Although the introduction of antiretroviral therapy has rendered HIV a chronic illness, inconsistent engagement in HIV care by key populations limits its public health impact. Poor engagement in care is especially prevalent among vulnerable populations with mental health and substance use disorders. Beyond structural and health system considerations, psychosocial factors may present challenges to sustained engagement. We conducted a qualitative study using in-depth interviews with 31 primarily African American, urban-based individuals, many with past or current drug use and mental disorders, living with HIV. Participants identified several psychosocial barriers that detract from their motivation to attend appointments and take medication.
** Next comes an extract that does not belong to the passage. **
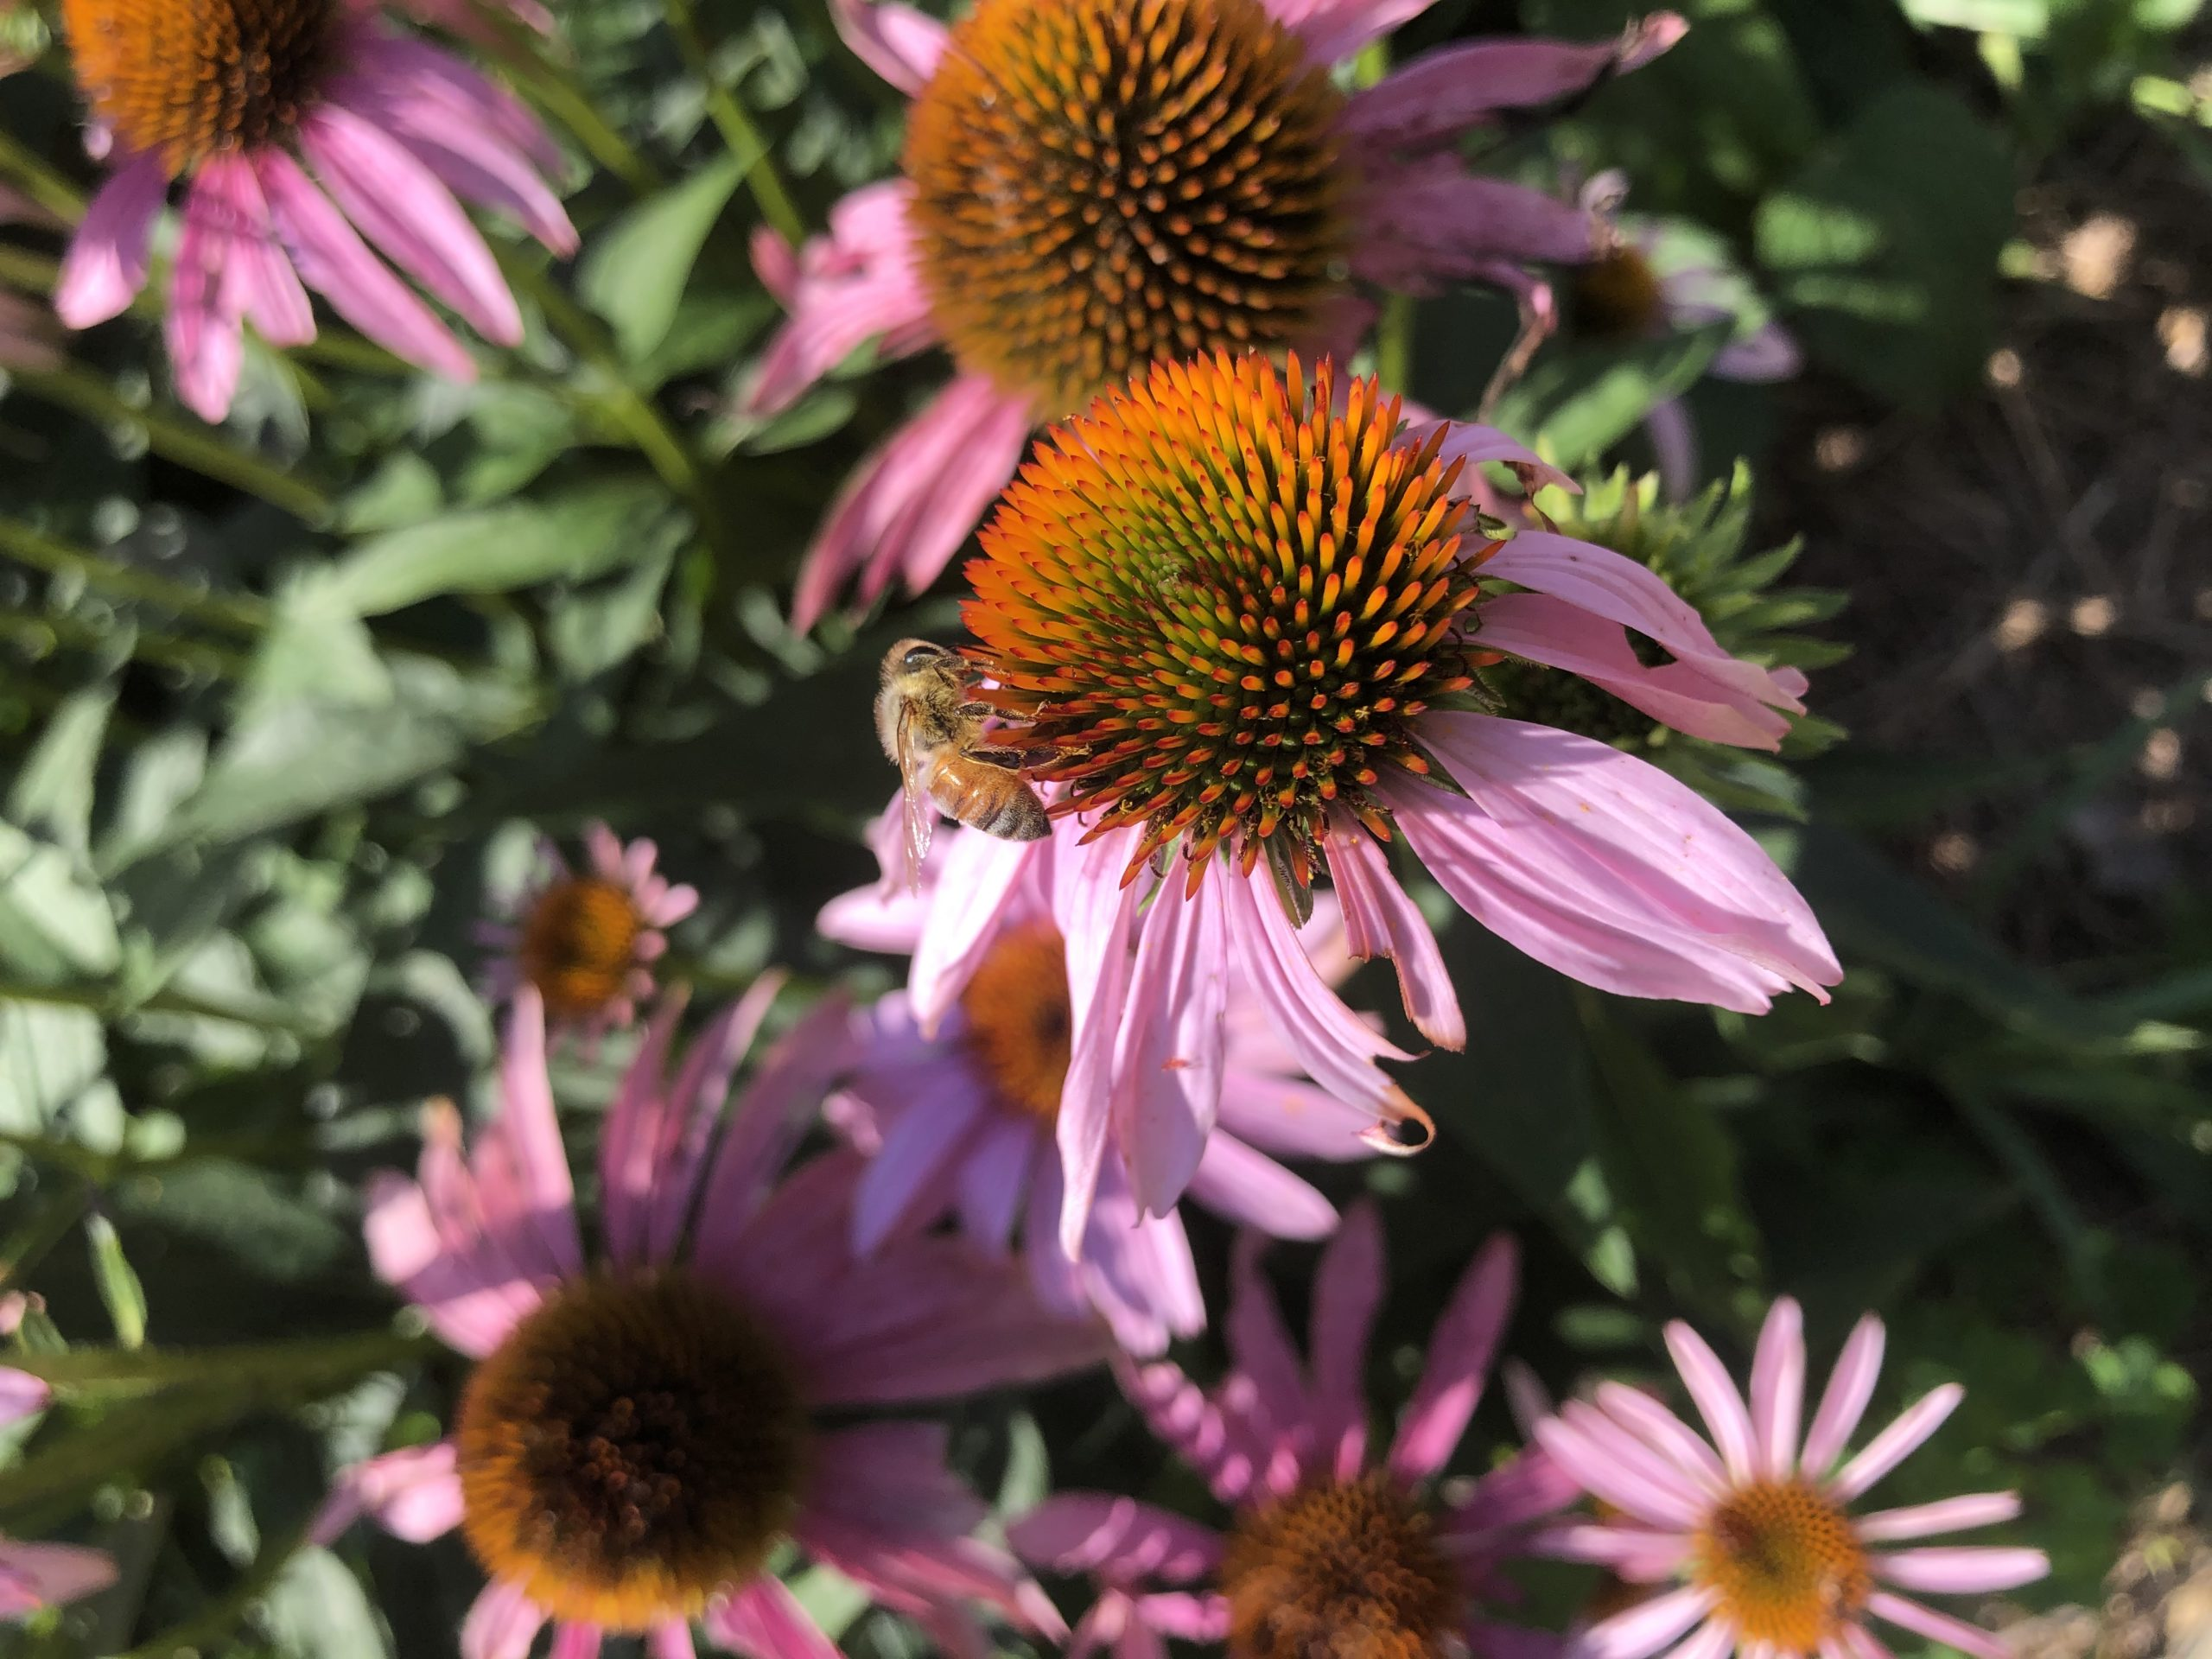 Honey bee on echinacea flower

These included mental distress or detachment over a lack of purpose in life; denial about the need to be engaged in care; insufficient trust in the efficacy of care or the health system; deaths of loved ones leading to bereavement or loss of social support; and engagement in specific avoidance behaviors like drugs and alcohol. The study findings suggest that more comprehensive HIV care, which integrates mental health and substance abuse services in order to enhance meaning and address coping and grief, may be important. Considering these services in addition to improving the logistical components of care such as cues/reminders, accessibility, and patient-provider communication may improve intervention packages.

摘要

尽管抗逆转录病毒疗法的引入已使艾滋病毒成为一种慢性病,但关键人群对艾滋病毒护理的参与不一致,限制了其对公共卫生的影响。在患有精神健康和物质使用障碍的弱势群体中,护理参与度低尤为普遍。除了结构和卫生系统方面的考虑因素外,心理社会因素可能对持续参与构成挑战。我们进行了一项定性研究,对31名主要为非裔美国人、居住在城市的艾滋病毒感染者进行了深入访谈,其中许多人有过去或现在的药物使用和精神障碍史。参与者确定了几个心理社会障碍,这些障碍削弱了他们就诊和服药的动力。这些障碍包括因生活缺乏目标而产生的精神痛苦或超脱;否认需要参与护理;对护理效果或卫生系统缺乏足够的信任;亲人死亡导致丧亲之痛或社会支持丧失;以及参与特定的回避行为,如吸毒和酗酒。研究结果表明,更全面的艾滋病毒护理,即整合精神健康和药物滥用服务以增强意义并解决应对和悲伤问题,可能很重要。除了改善护理的后勤组成部分,如提示/提醒、可及性和医患沟通之外,考虑这些服务可能会改善干预方案。